I’ve been stalking the red deer. When we shoot them and their livers are checked, they’re taken away for a prewar pittance by a game dealer, who ships them to the continent. Scandinavians and Germans eat lots of venison. Here, we eat very little, but Scotland is overrun with wild deer. The national herd grows larger and smaller. More deer, but, individually, slighter. They need culling. They need eating, but chefs have a squeamish, timorous distaste for the stag. There’s a lot of received mouth-to-mouth kitchen nonsense talked about marinating for days, cooking for hours, barding and bonding, stuffing and stewing. If you do see venison on the menu, more than likely it’ll be a roe doe from a Hampshire farm.

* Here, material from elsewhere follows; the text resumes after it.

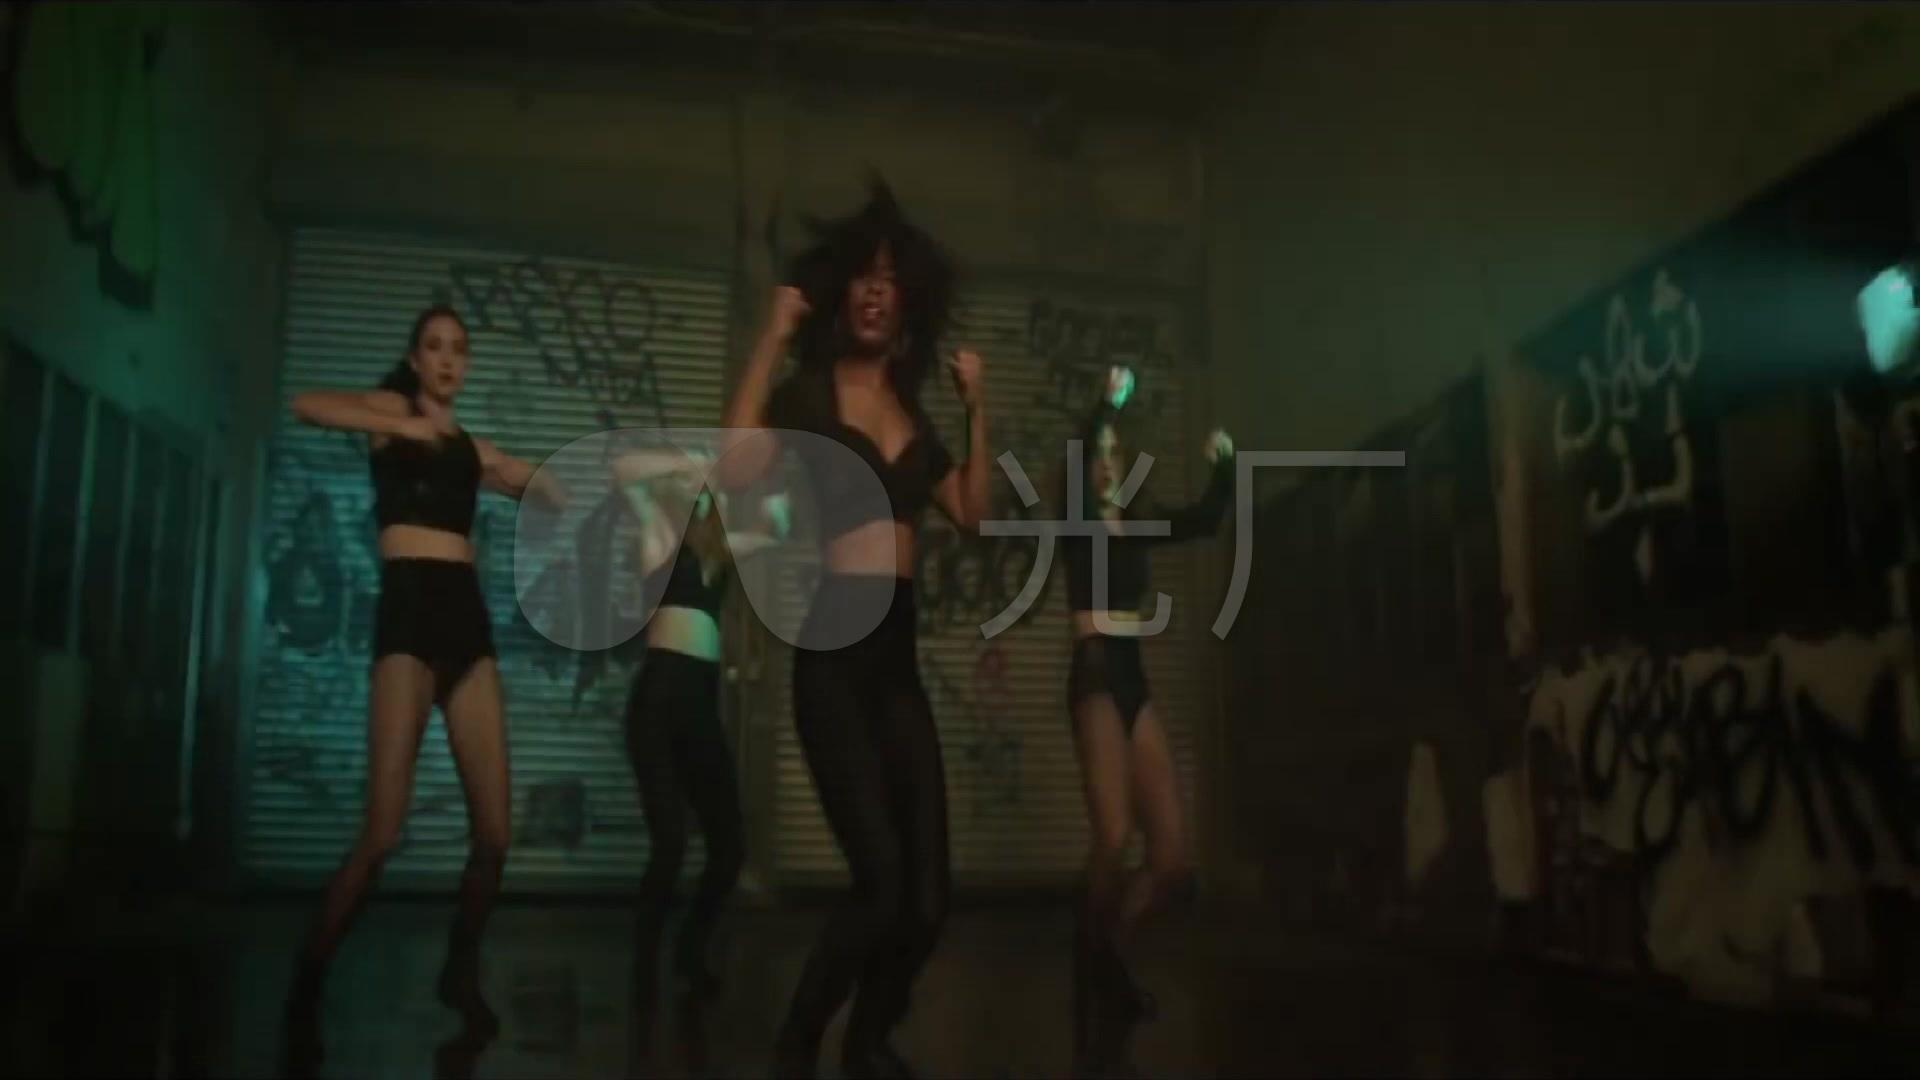 跳舞性感素材美女欢快酒吧女跳舞_1920X108v性感性感牛仔裤视频图片

Cooks who put a premium on wild bass and salmon will go for the battery version of the wildest of all our native creatures. Chefs want venison that comes in small, neat cuts, to cook it like lamb. Then add a chestnut and a plum, then add a premium. Almost everything they tell you about red deer is the opposite of the truth. Middle-aged stag is particularly good, but it needs to be hung long, like beef, then roasted fast. Chefs need to get over their twee comfort and start looking at meat that isn’t a bland canvas for their decoration and twists.
I spent one night in Edinburgh on my way south. I drove down from Inverness and was starting again for London at three in the morning. I was starving. Emma, my hostess, suggested we go to the Kitchin, in Leith. This is the one widely reckoned restaurant in Edinburgh I haven’t been to before. Mostly because I couldn’t get a table. And because it’s in Leith. I have an old prejudice about Edinburgh’s docks. Like wharfs all over the country, Leith has been pomaded and neutered, its cobbles polished, its warehouses bijou’d. Old ports, the posterns and portals of gold and garbage, the warrens of violence and prostitution, drunkenness and darkness and slime, are now scrubbed up to look like born-again gangsters who give improving talks in schools and churches. Shorn of its purpose and edge, Leith has been toyed with by gay architects and designers to be transvestited into a funky modernity; the bones of industry and commerce, polished into objets and features. Seen through empty yards of slidy windows, there are acres of new restaurants. Not knowing what else to put here, they thought it might be the dining sector. Mexicans, pizza, Thai, Mexican-Thai, Mexican-Thai-pizza. On a drizzling September evening, the dining rooms were all empty, except for their piped music, which crept round the banquettes, looking for someone to annoy.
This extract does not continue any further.